Here is the abstract:

The Supreme Court’s shadow docket is causing a supposed legitimacy crisis. The conventional response is that the Court should change how it processes emergency applications to improve transparency and accountability. But the causes of the shadow docket are structural: various jurisdictional and remedial rules permit lower courts to issue orders of national significance that require the Court either to intervene on the emergency docket or to abandon its supremacy over the federal courts. This Article identifies comprehensive structural reforms, all within the Court’s control, that would constrain the power of the lower courts to block national and statewide policies. I discuss ways to limit suits by associations, states, and the United States; constraints on claims brought under Ex parte Young, § 1983, and the Administrative Procedure Act (“APA”); and restrictions on the scope of injunctions, preliminary injunctions, APA remedies, and declaratory relief. And I consider the reforms systematically, with different solutions working as complements to reduce the salience of matters that reach the shadow docket. The assessment of structural causes and solutions also suggests the real source of the supposed problem of emergencies at the Supreme Court. Taming the shadow docket requires reducing the power of the federal courts over the political branches. And if disempowering the lower courts would be a solution worse than the problem, then maybe the shadow docket is not even a problem after all. Instead, retaining the power of the courts might mean embracing the shadow docket.
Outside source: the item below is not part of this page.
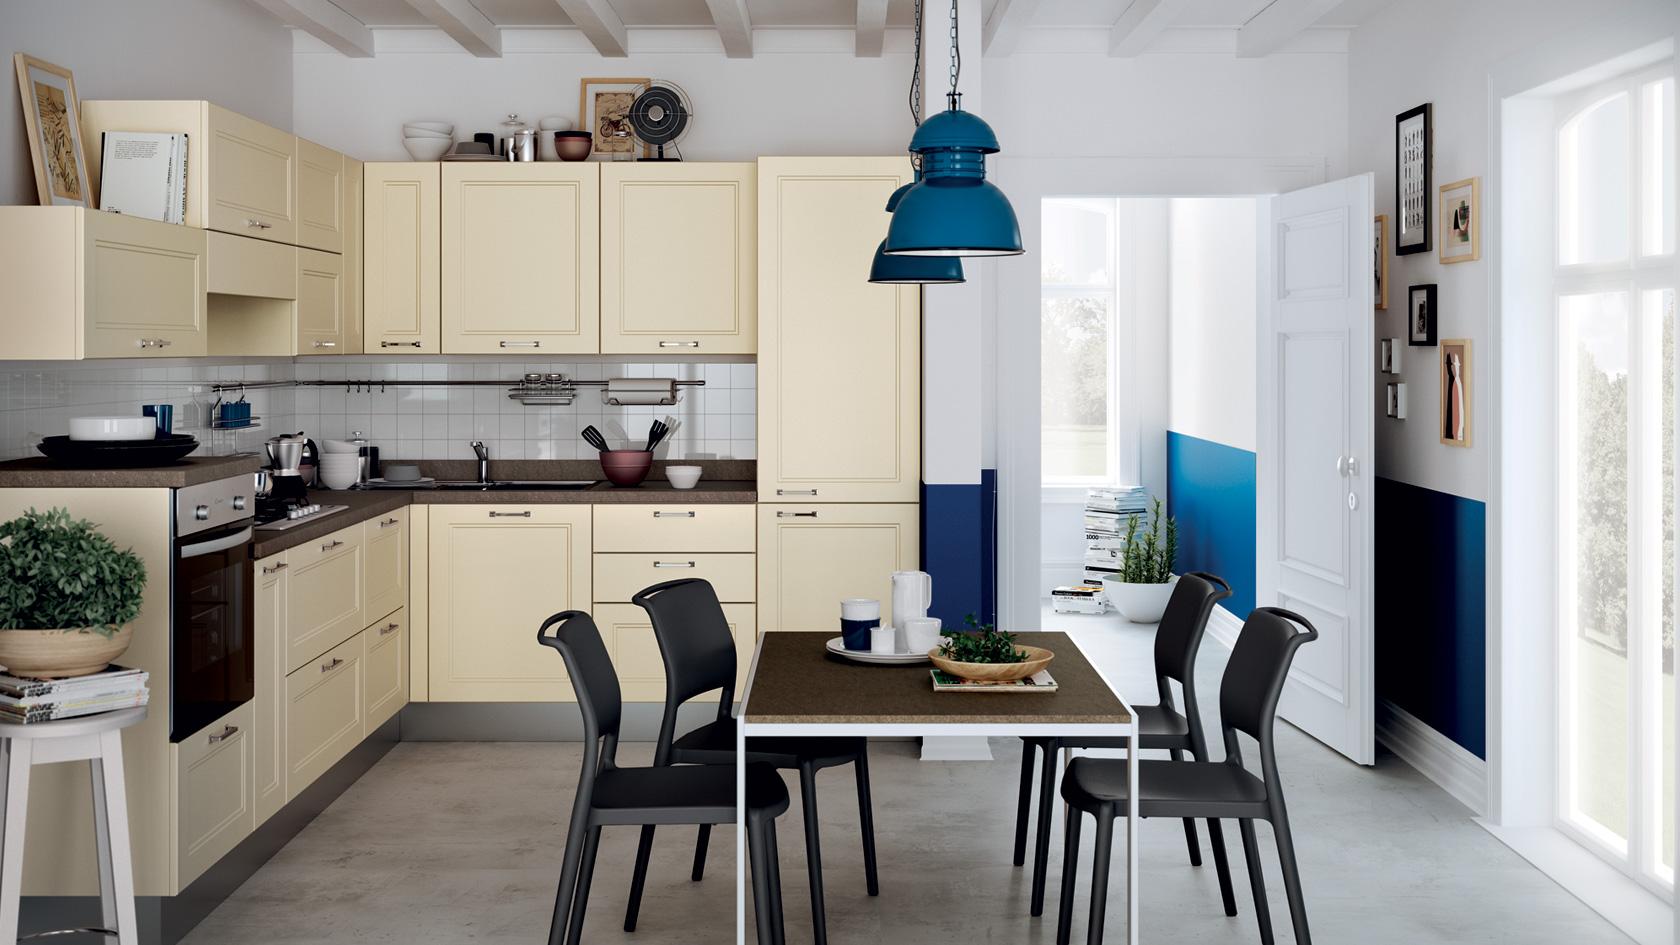 Colony kitchen dillon amber dane kitchens barbados - Mesas de trabajo cocina ...

And here is from the paper’s conclusion:

The problem of the shadow docket is not that the Court fails to explain itself or applies the wrong standards of review. The problem is structural. The lower federal courts, applying current doctrines governing judicial review of federal and state policies, have broad authority to block legislation and administrative action. The Supreme Court, meanwhile, is institutionally committed to its position of supremacy over those lower courts, necessitating the exercise of control over the lower courts in significant matters. Those factors mean that proposed reforms for the Court’s use of the shadow docket misdiagnose the structural problem.
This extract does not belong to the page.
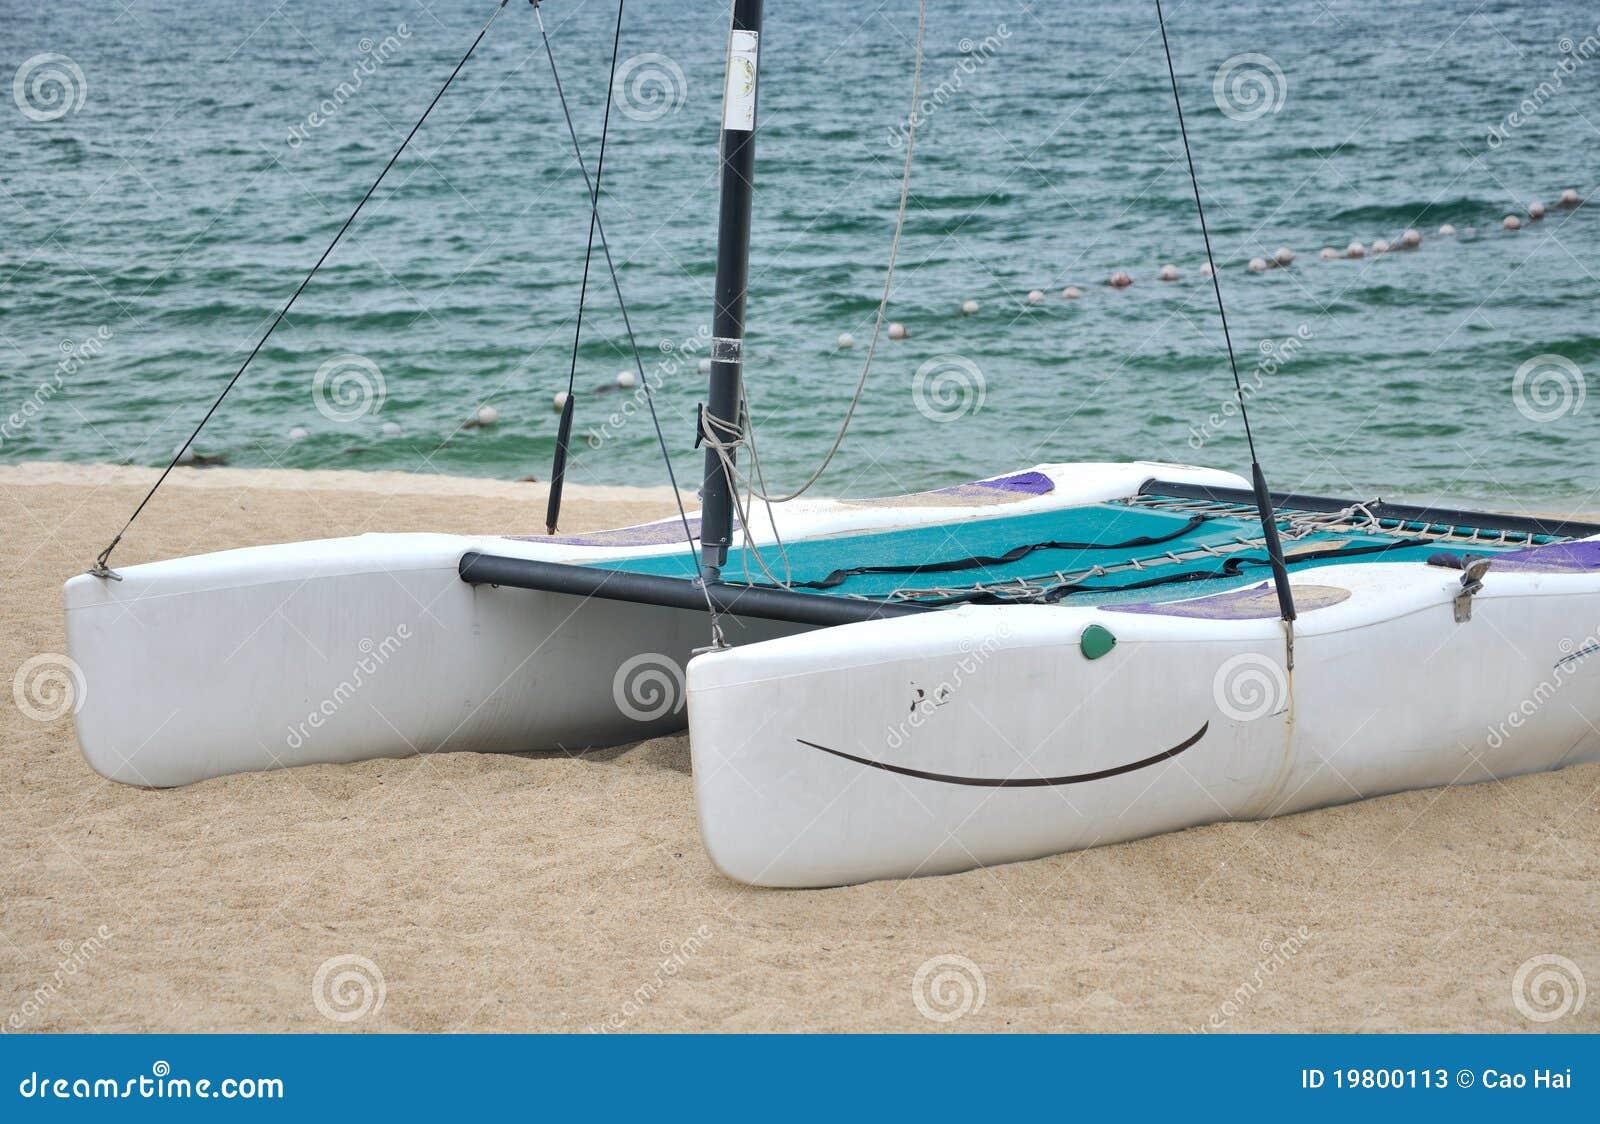 Small Catamaran On Beach Sand Stock Photos - Image: 19800113

This Article, by contrast, offers structural reforms that would allow the Court to change the conditions in the lower courts to prevent significant matters from landing on the shadow docket in the first place. The set of reforms is systematic rather than myopic because focusing on (for example) nationwide injunctions but not also standing and Ex parte Young would solve a problem that would reemerge in a new doctrinal form. And the reforms are pitched at just the right level of ambition—not too fatalistic and not too quixotic: not too fatalistic, because I suggest actual changes that the Court (and lower courts) could implement to reduce the structural causes of the problem that it faces; not too quixotic, because I assume that Congress will do nothing and because the proposed “reforms” are either technically already the law or reasonably plausible refinements or developments of current doctrine. What this Article provides, then, is a menu of options for reducing the pressure on the Court to intervene in the appellate process. Not all such options will seem necessary; some might seem to go too far. But they should all be on the table if the shadow docket is really a problem that needs to be managed.
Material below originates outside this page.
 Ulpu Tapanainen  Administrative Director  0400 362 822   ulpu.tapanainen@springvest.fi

Or perhaps the shadow docket is a necessary feature of a constitutional system in which the federal courts constrain political actors. On that view, the reforms proposed would fix the shadow docket but undermine the critical judicial function. If so, the solution is not to weaken the courts but to embrace an interim docket, and potentially to make the Supreme Court more effective at its supervisory function. Reforms that allow the Court to intervene earlier or more often might change the composition of the Court’s day-to-day work, but such an evolution might be inevitable if the federal courts are to effectively police political actors. Whether the better course is to disempower the lower courts or to embrace the Court’s new role is up for debate. But it is implausible to argue that the lower courts should regularly resolve matters of national significance while the Supreme Court declines to intervene.